Monday, November 13, 2006
Internet service provider (ISP) and telephone provider, Orcon Internet Limited, is going to start to provide television channels via super-fast broadband right to the customers television set. The service will be rolled out sometime next year after Telecom New Zealand has opened its lines to the competitors.
The high speed internet Orcon wishes to use is called VDSL2+ which is able to go 100 megabits per second; this is an upgrade of Telecom’s current technology, ADSL 2+. The new technology will be able to be installed when the government has opened up Telecoms lines to other ISPs. Scott Bartlett, regulatory manager of Orcon, said: “If we left this to the big telcos we wouldn’t get VDSL2+ for 5-10 years. We don’t have an existing legacy framework that limits us, so we can leap-frog them in terms of technology.”

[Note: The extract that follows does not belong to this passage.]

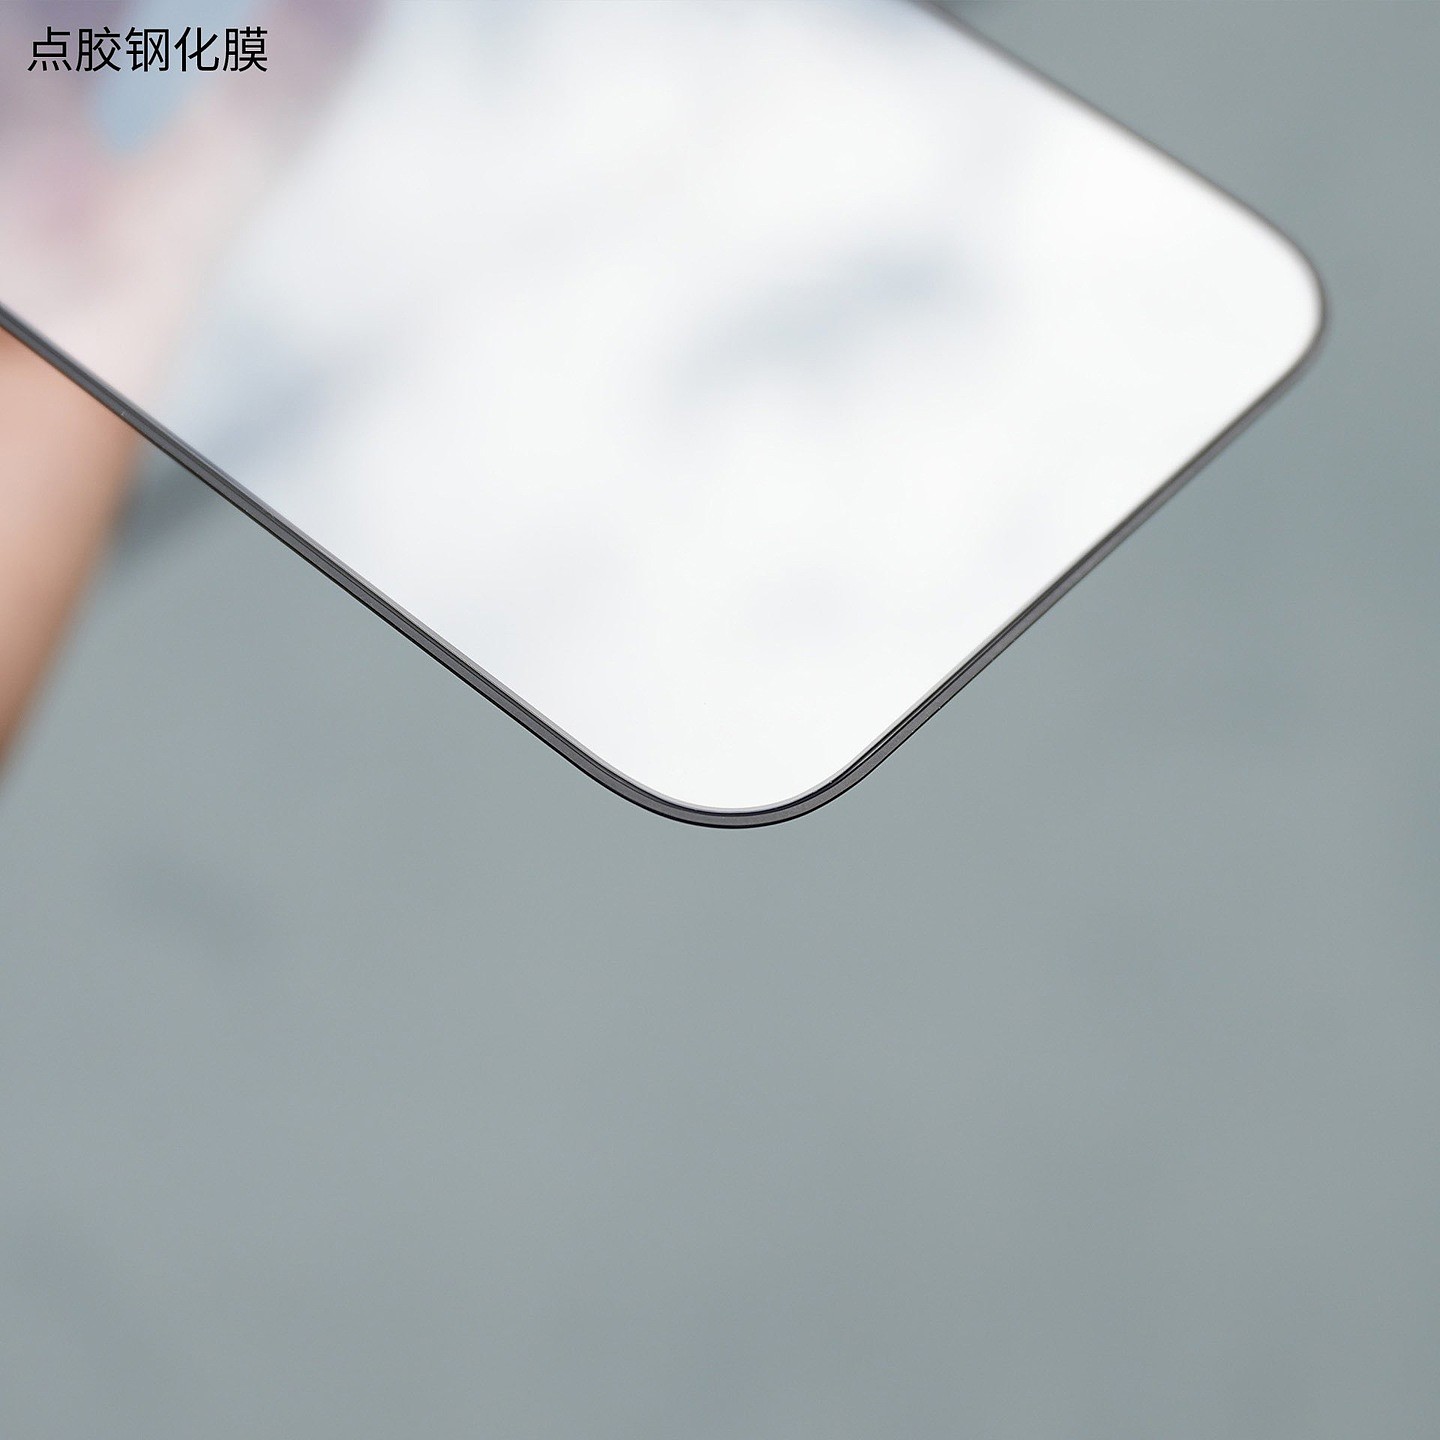 苹果 iPhone 15 系列钢化膜照片曝光 - 5
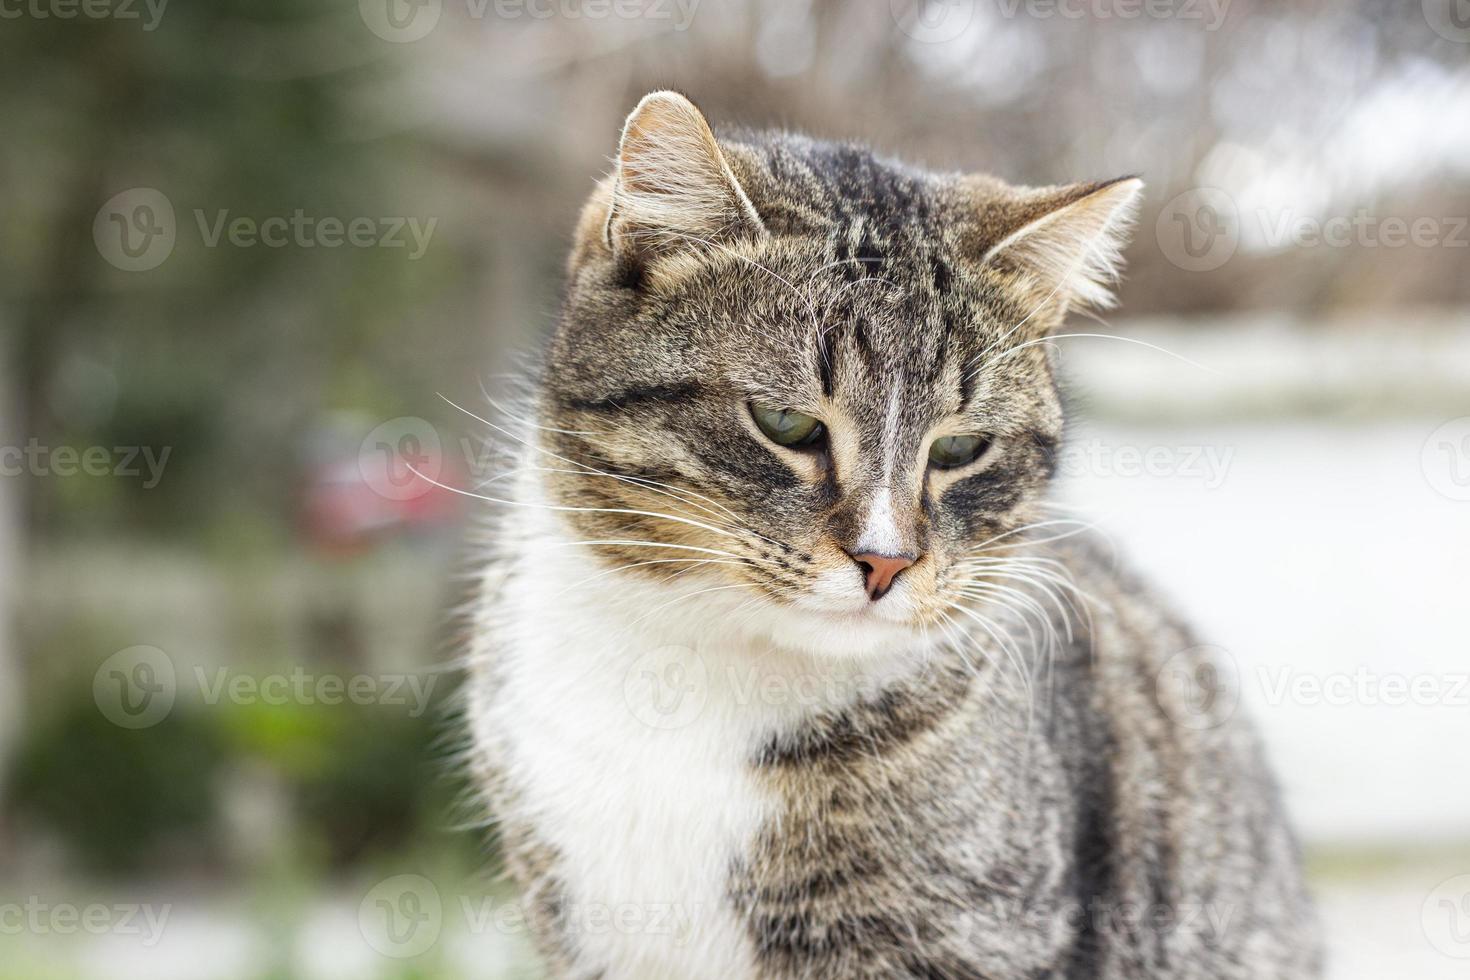 retrato do gato selvagem, o gato vive na rua. retrato de um gato listrado fofo. listrado, não um gatinho de raça pura. foto

The television channels/programmes will be delivered in high definition via IPTV, or Internet protocol television, to a set-top box, similar to those of Sky Network Television, connected to broadband.
Orcon has invested NZ$30 million into the new television service, they will be teaming up with Siemens to deliver the new television system.
Mr Bartlett said: “We are pitching to a market segment who were not necessarily totally nuts about watching the rugby live but still wanted high-definition quality television delivered by broadband.”
Orcon already has 52 channels secured, they channels will include the genres of comedy, science-fiction, news, music, weather and speaciality language channels. The movies will cost $1.00 each. And for $25 customers will be able to buy 25 channels or for $30 there will be 52 channels. For Sky television it costs $15 a week for an entry level package. “We don’t believe we have a monopoly and every channel known to man, we just think we have the ones that are important to New Zealanders,” the chief executive of Sky, John Fellet, said.
Mr Fellet said they “would like to partner with Orcon and deliver our channels over Orcon’s service, but if that did not happen, we are looking forward to competition heating up. Compete with us, that is fine. If you want to take our core product and add options yourself, that is an option as well. We have rights to rugby and movies, so whenever companies start seriously looking at it, they will look upon us as more of a supplier than a competitor.
Sky has confirmed that they have contracts to deliver IPTV via Telecom services, as Sky is planning to release an IPTV service early 2007. “For the foreseeable future, until the infrastructure improves, the satellite is the best way to deliver live rugby but if you wanted to see a game that has been played, the internet is the best way to do that, by streaming,” Mr Fellet said.